Wednesday, 27 March 2013
Cross-asset credit/volatility in Europe and movements in financial spreads
"Now the reason the enlightened prince and the wise general conquer the enemy whenever they move and their achievements surpass those of ordinary men is foreknowledge." - Sun Tzu
Following the events in Cyprus and in particular the harsh conversations which followed surrounding bail-in procedures, we have seen an increasing pressure on financial CDS spreads relative to High Yield and relative to Investment Grade Non-financial spreads - chart source Bloomberg:
In blue - Itraxx Financial Senior 5 year CDS index representive of risk perception for European financials.

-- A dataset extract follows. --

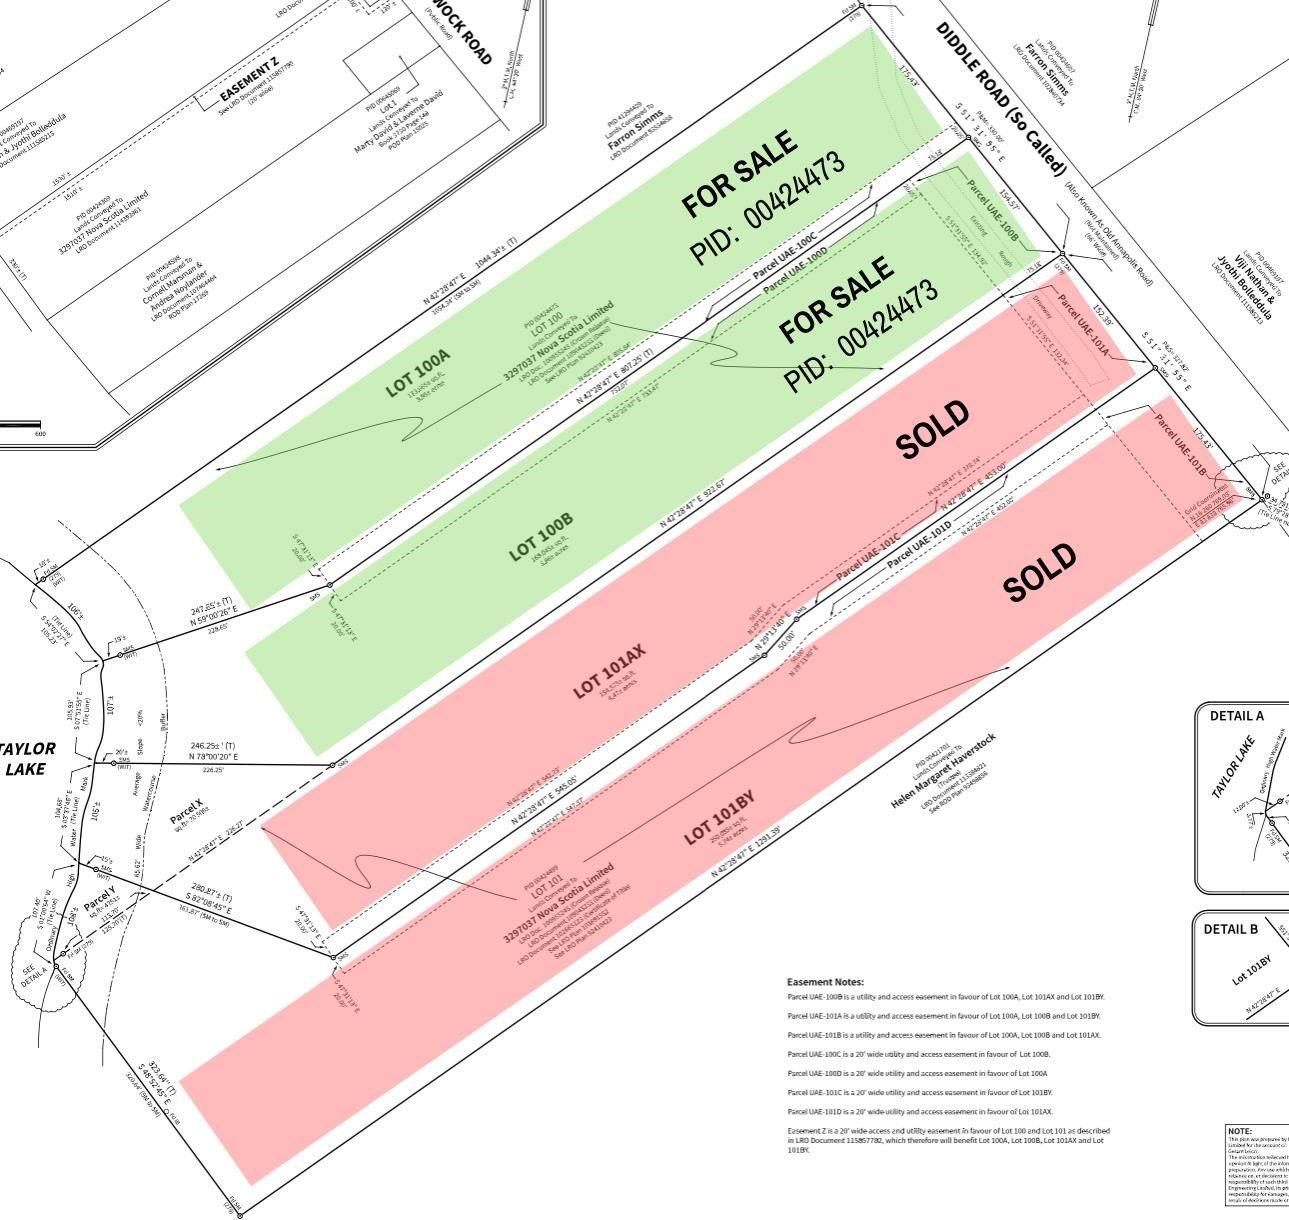 Main Photo: 100A Dockview Lane in Hammonds Plains: 21-Kingswood, Haliburton Hills, Hammonds Pl. Vacant Land for sale (Halifax-Dartmouth)  : MLS®# 202023536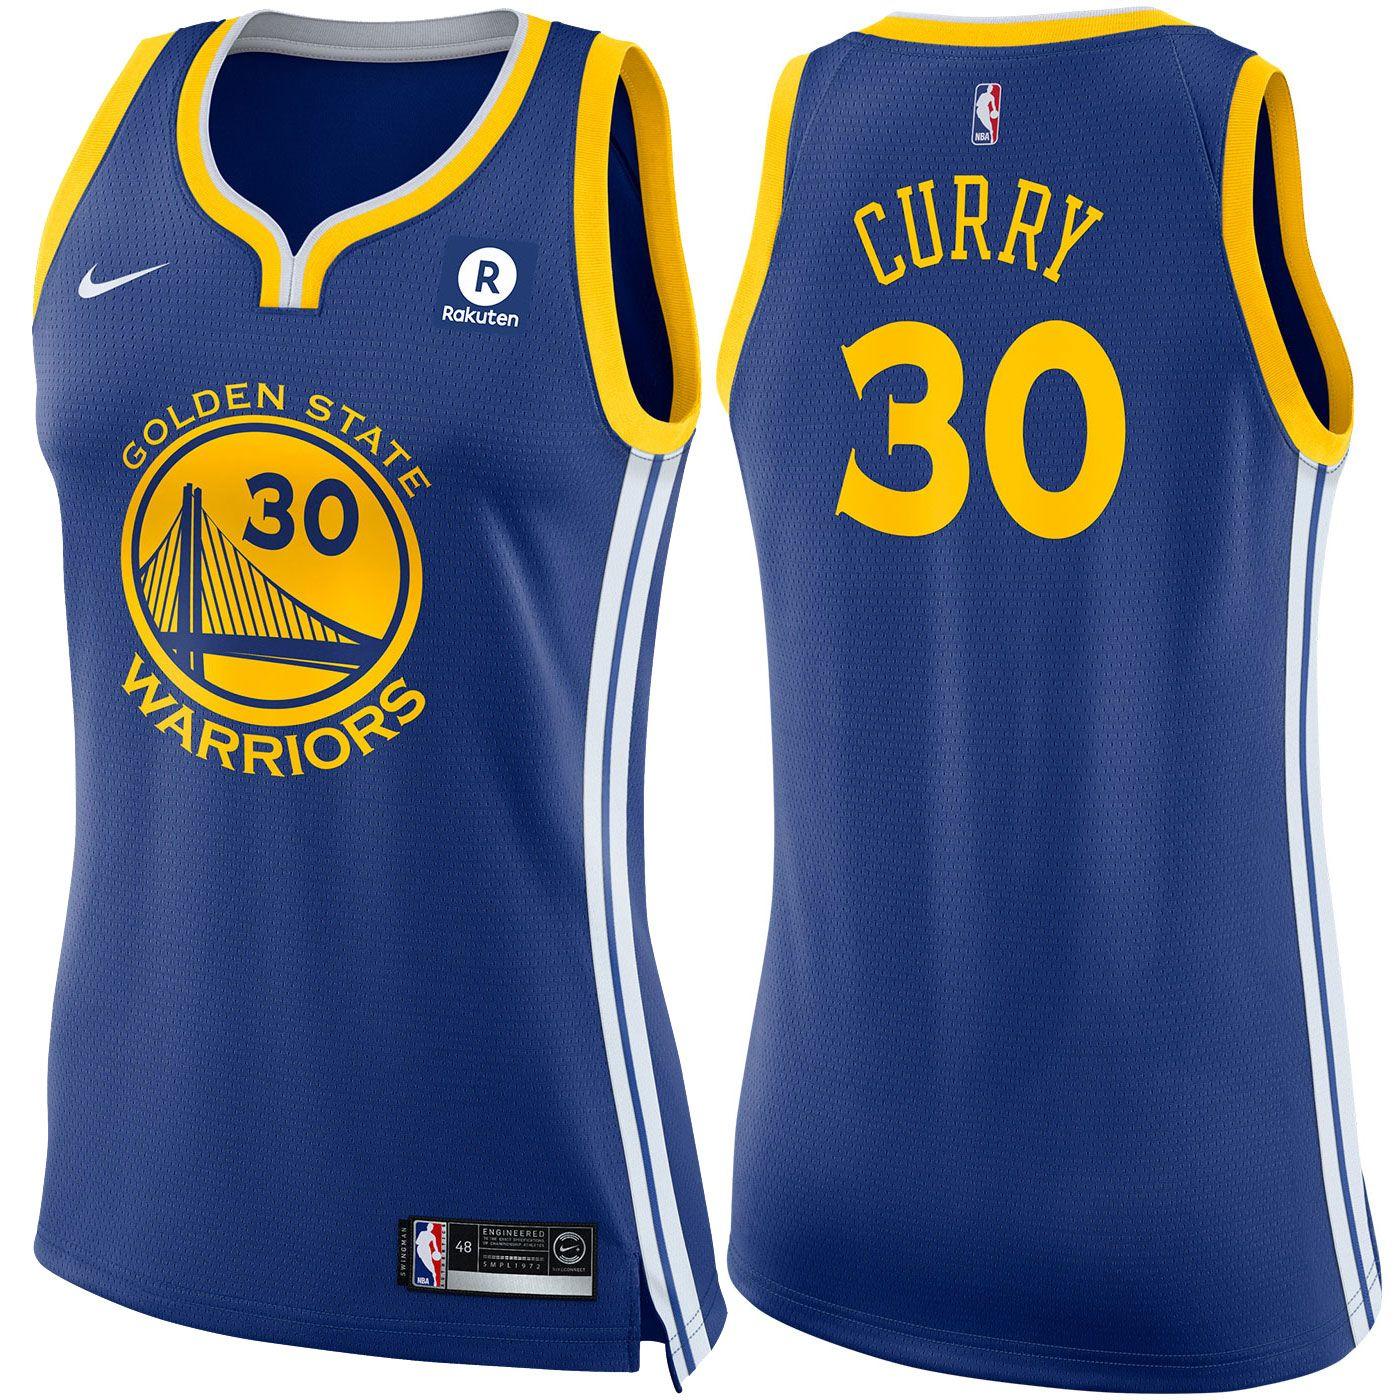 53fb54a0540 Golden State Warriors Nike Dri-FIT Women's Stephen Curry #30 Swingman Icon  Jersey - Royal

In red Itraxx Crossover 5 year index representative of high yield risk gauge in Europe.
Both indices have been adjusted for the roll which happens every 6 months.
As pointed out by our good cross-asset friend, in terms of cross-asset credit/volatility, recent historical regressions are perfectly in line between the Itraxx Crossover and the Eurostoxx 50 volatility.
Eurostoxx 50 volatility and Itraxx Crossover spreads are perfectly inline based on 1 year historical data.
One can see in a similar analysis that there is a clear underperformance of European financial spreads based on the Itraxx Financial Senior index versus the Eurostoxx 50 volatility level (1 year at the money):
Itraxx Financial Senior index versus Eurostoxx 50 1 year at the money volatility.
Spread between the Itraxx Financial Senior 5 year CDS index versus the theoretical Itraxx Financial Senior (recalculated via regression with 1 year volatility Eurostoxx 50):
As displayed in the above graph, Itraxx Financial Senior spreads are wide versus Equities volatility.
It seems that Eurostoxx 50 volatility is relatively cheap versus the Itraxx Financial Senior CDS spreads.